Various invertebrates are likely to not be domesticable as we use the term, but still farmable. Earthworms, f'rex, aren't going to be dangerous and are going to be delicious. Same with a number of grubs and other larvae. The gnomes may well stake out likely rotting logs to attract beetles and go in for a joyful harvest a few weeks before the grubs will pupate. Gnomes may put some effort into breeding a better and fatter earthworm, though the beetles may be much more problematic to successfully breed.

One thing of note is that their structures will not be scaled down human ones, f'rex the gnomes will not build an adorable fence two centimeters tall out of twigs. Anything small enough to be blocked by such a fence would be able to jump over it, gravity doesn't scale just as waves don't scale. The gnomes themselves will be able to take advantage of this as well, f'rex a gnome would be able to fall out of a tree twenty feet and land safely on the ground, and most of them should be able to jump several times their own height (This depends a bit on how ROB scales their biomechanics). Smaller buildings will also be much easier to build higher without gravity interfering. Consequently, gnomish architecture is going to tend towards several times more floors than ours does, and any walls will be dramatically out of scale for both height and thickness. Things like staircases are likely to be mostly ignored.

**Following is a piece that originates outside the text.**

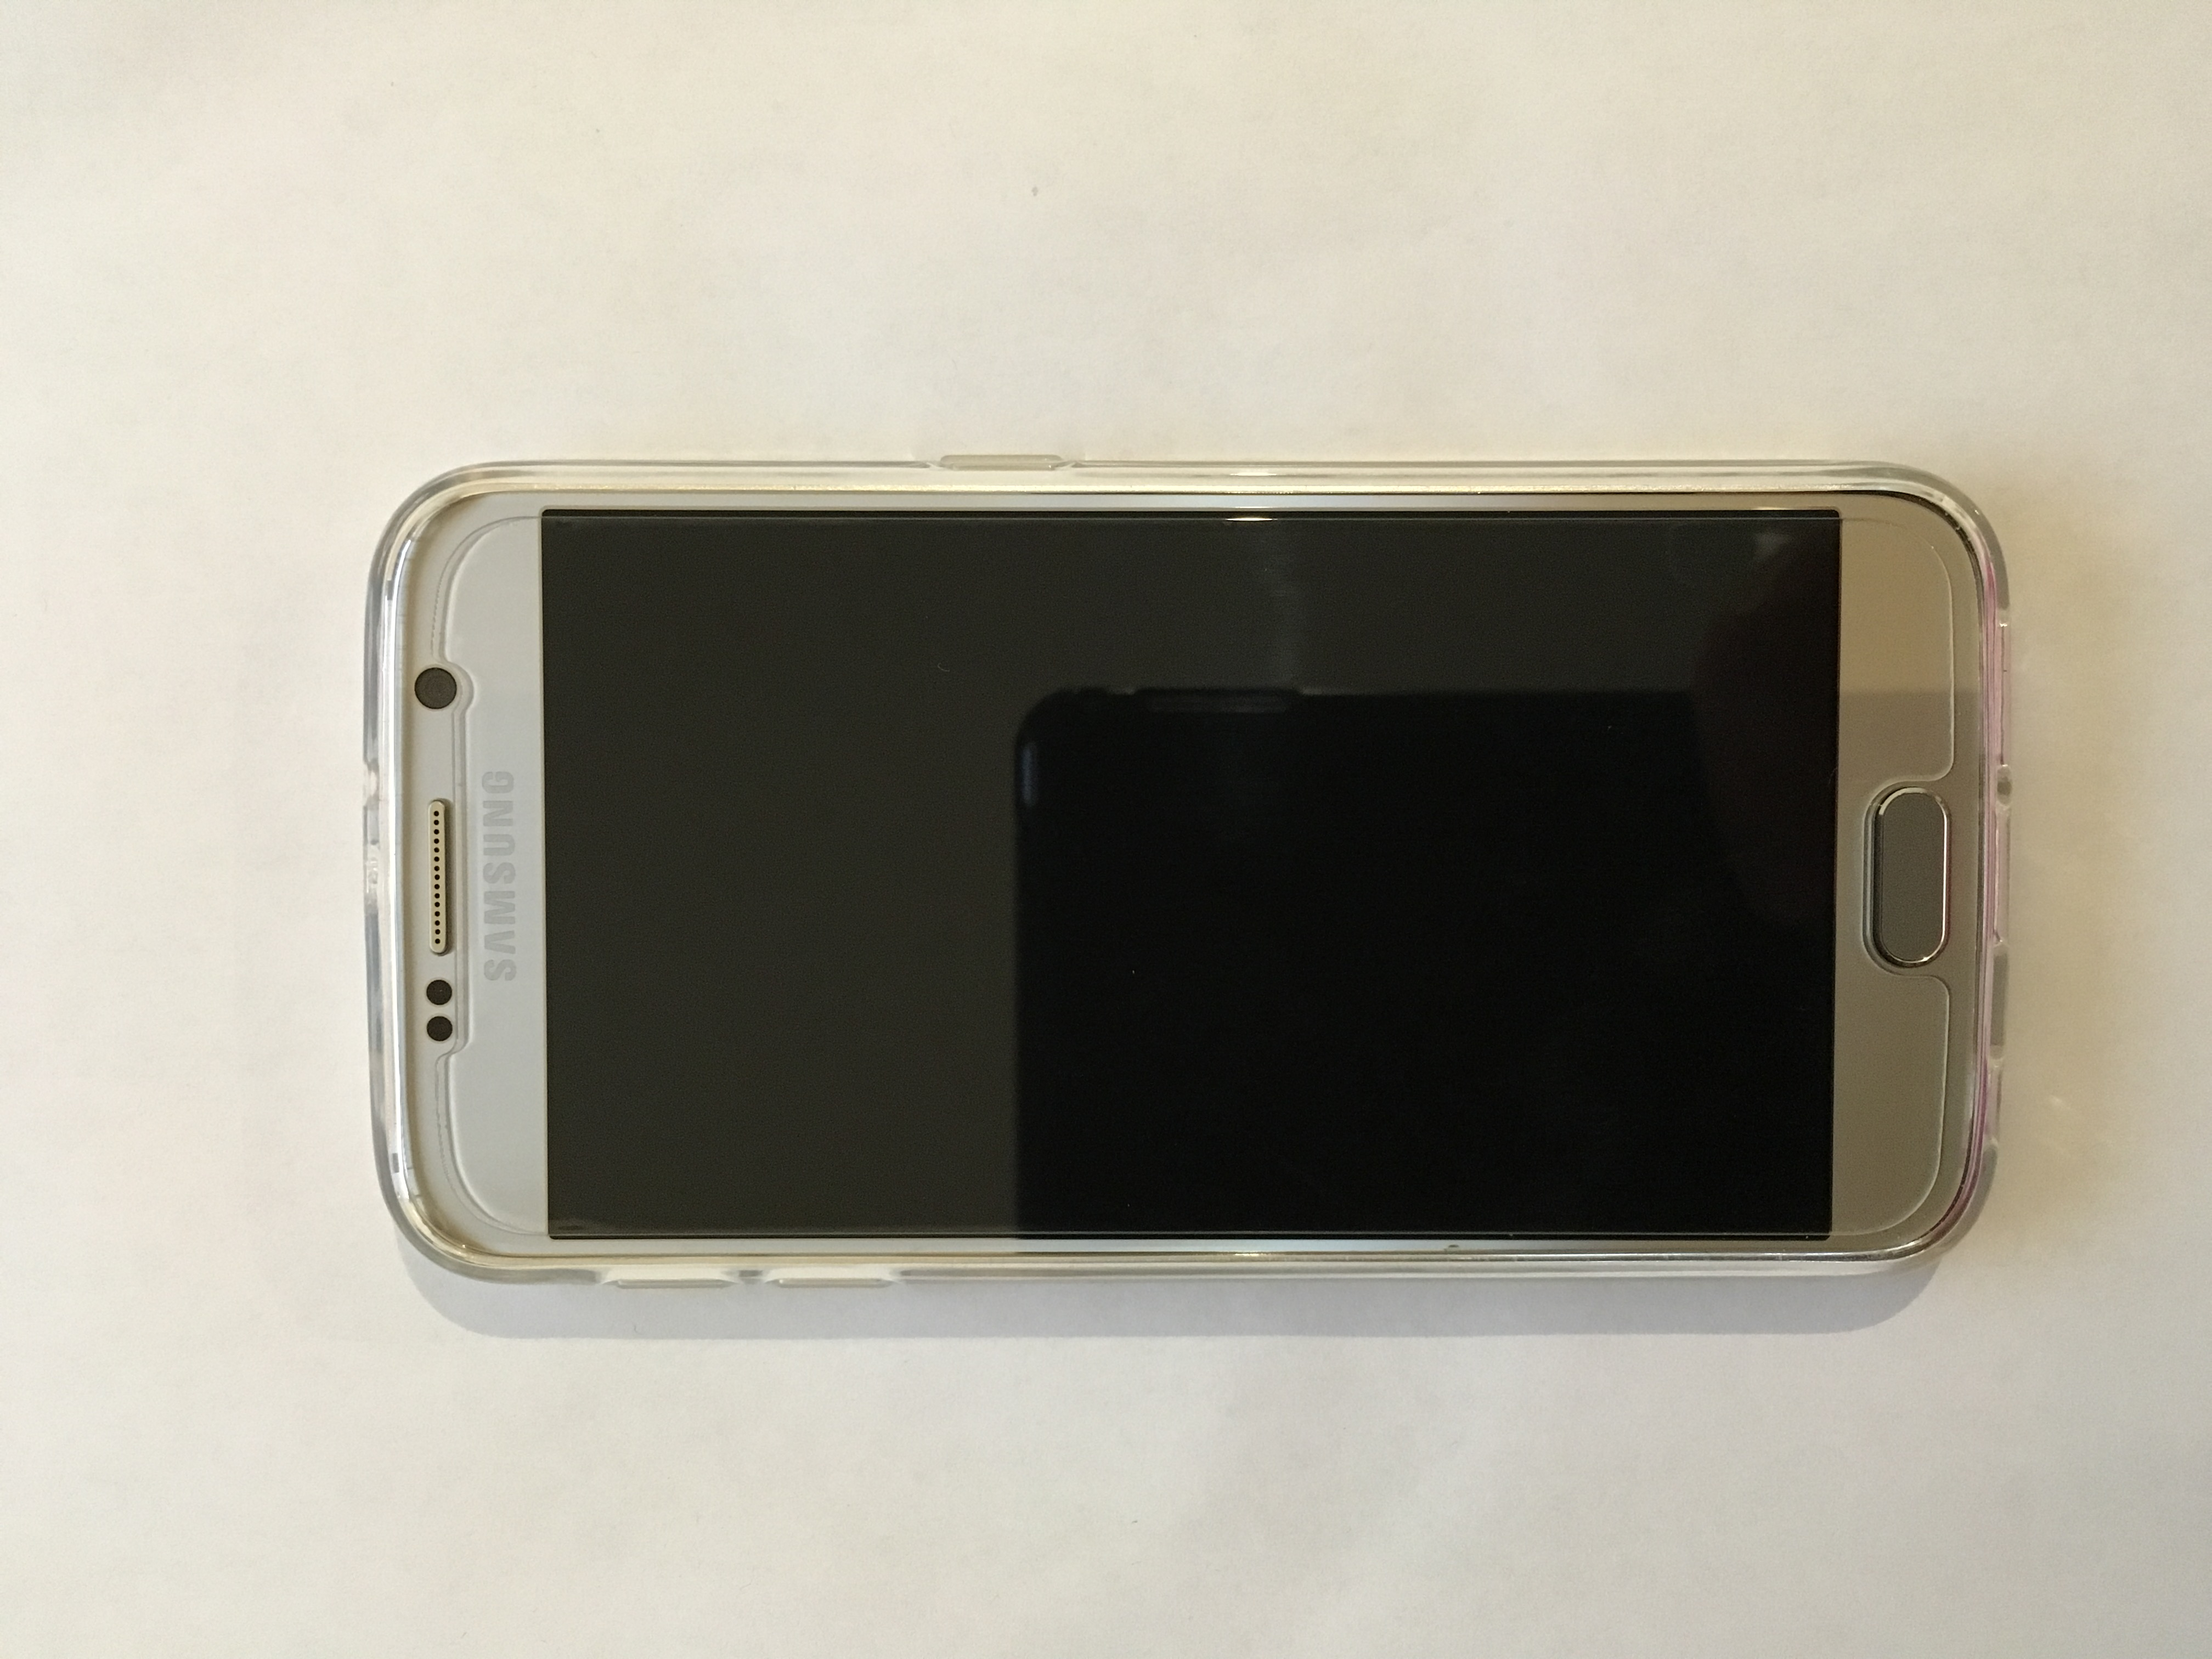 Samsung Galaxy S6 mit Schutzhülle und Schutzglas

Megafauna won't really bother gnomes any unless they accidentally crush a home, which will, again, be avoided by burrowing. The main predators will be the same ones rodents have: snakes, birds, some of the bigger invertebrates, and other rodents. Burrows won't help with these but intelligently designed gates blocking burrow entrances will. Gnomish weaponry will be somewhat advantaged over ours due to scaling issues but a racer snake is still going to be a heck of a fight for them.